I’m okay with that. The reason that I enjoy hanging out for a little while is that I get to talk to people who share my interest in what really is trivial nonsense, and that’s close enough to friendship for me. How many different printings of Thomas Dolby’s The Golden Age of Wireless were released? Normal humans don’t care but I do, and so do record store guys, so I flip through the stacks and I make a little small talk and I feel like a normal person for a little while.
This Saturday I was standing at the counter talking to my buddy Jim about a Winos 45 that he had hanging on the wall. “That’s a really low Rhino catalog number, RNOR-002. Do you think that’s the second single they ever released?” I asked.

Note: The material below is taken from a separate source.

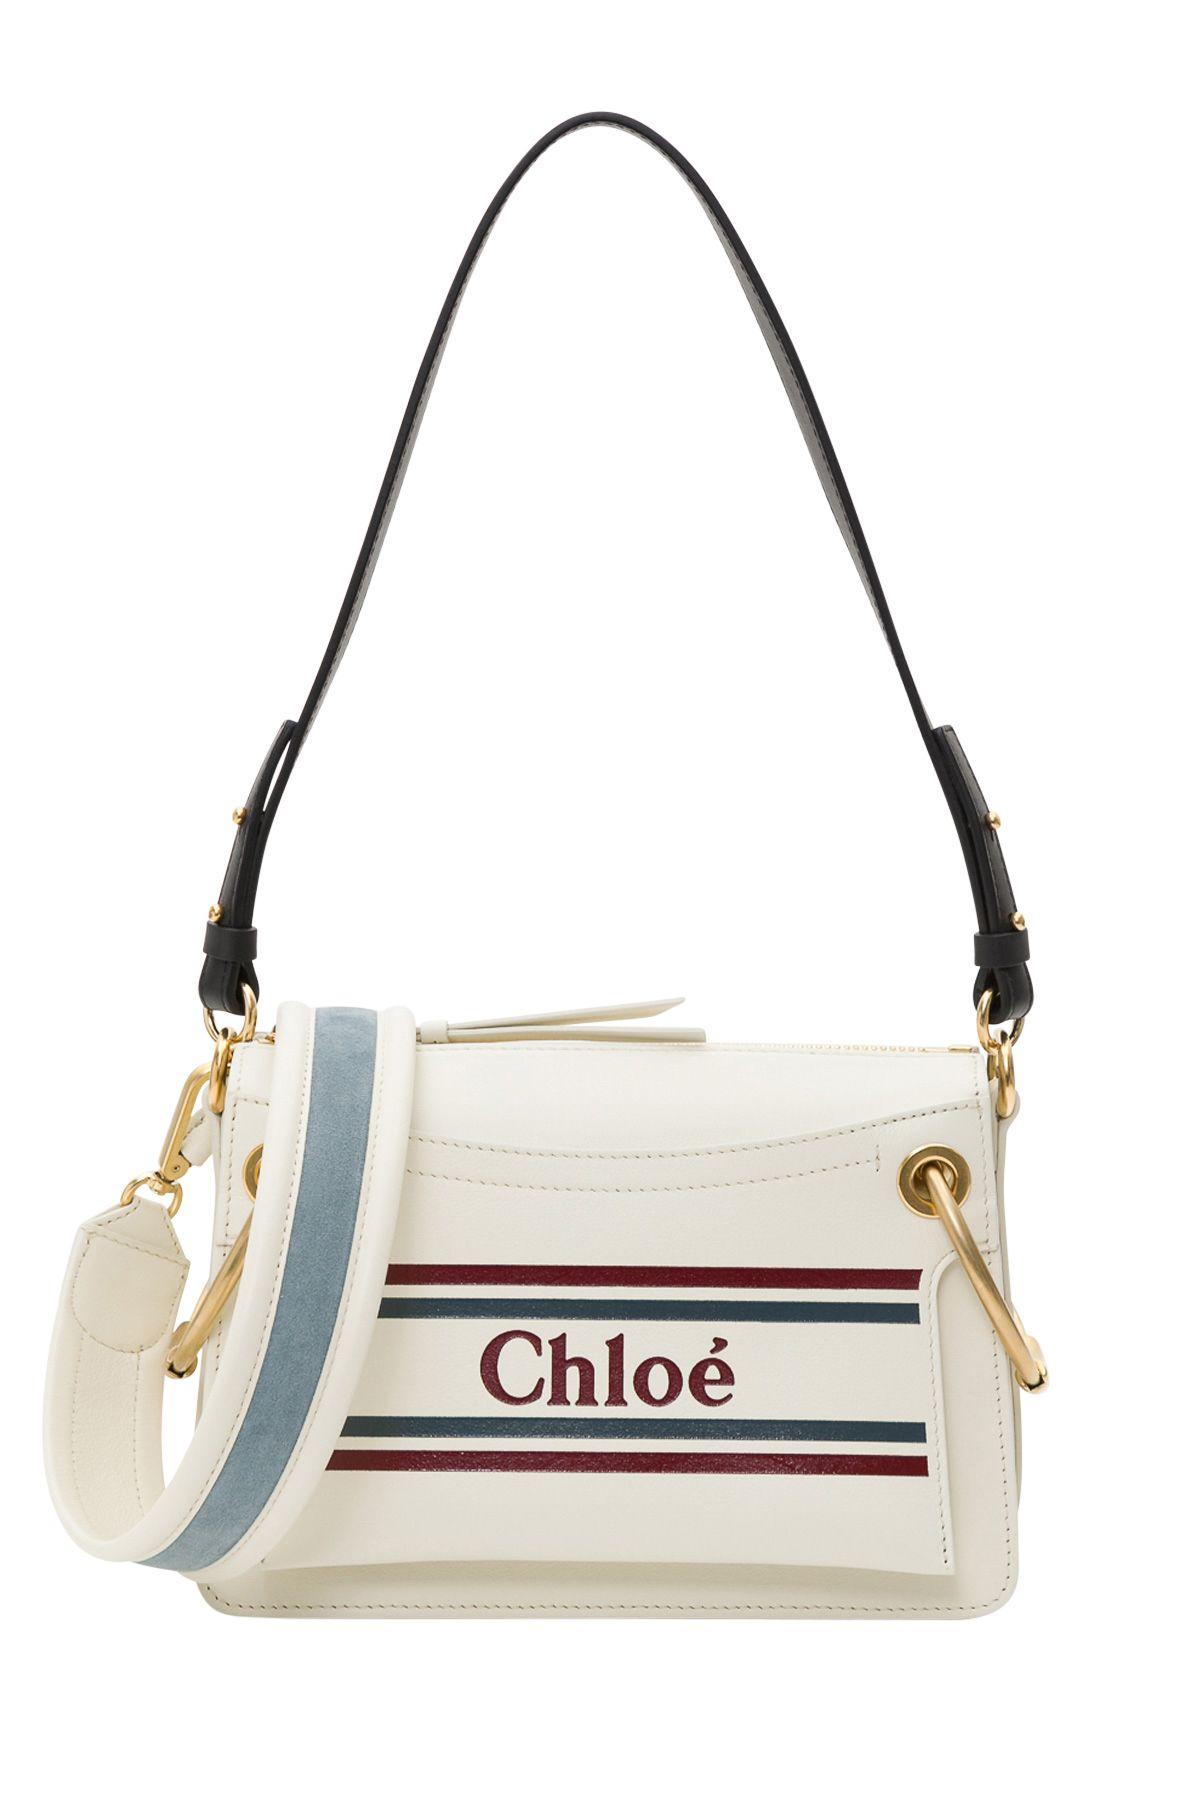 b1829e9b76 Chloé Chloé Small Roy Bag - Bianco - 10857781 | italist

“Yeah, I think so,” Jim said, never looking up from the handful of singles that he was sorting through. “Hey, here’s one for you,” he said, and he tossed a 45 on top of the CDs stacked on the counter.
“What the hell? Did this just come in?” I asked.
“Well, it’s going right back out.”
“Yeah, I figured it wouldn’t make it to the bins.”
“Wait, is this a white label promo?”
“Yeah, and it’s still in its original sleeve. ABC always put their promos in these picture sleeves so that they could promote their new album releases, too. I have a bunch of those,” Jim said.
“Okay, man. How much are you going to stick me for?” I asked.
“Nothing, it’s yours.”
“Take it. You’re a Bert Sommer fan, right? What are the chances of you walking in on the same day a Bert Sommer white label promo comes in the door? I’ve never had one come in before. That’s for you.”
The dollar value of this record isn’t that great, but that’s not the point. The song itself isn’t one of Sommer’s best, and that’s irrelevant, too. Why it matters is that a friend of mine knew that I would appreciate it, and although it was in his best interest to sell it to me he chose instead to give it to me. That makes it one of the most valuable records in my stacks.
Want your own white label promo copy of “We’re All Playing In the Same Band”? You can pick up one online for around five bucks, or you can get off your ass, stop with the music streaming crap, and go make a friend. Either way, happy hunting.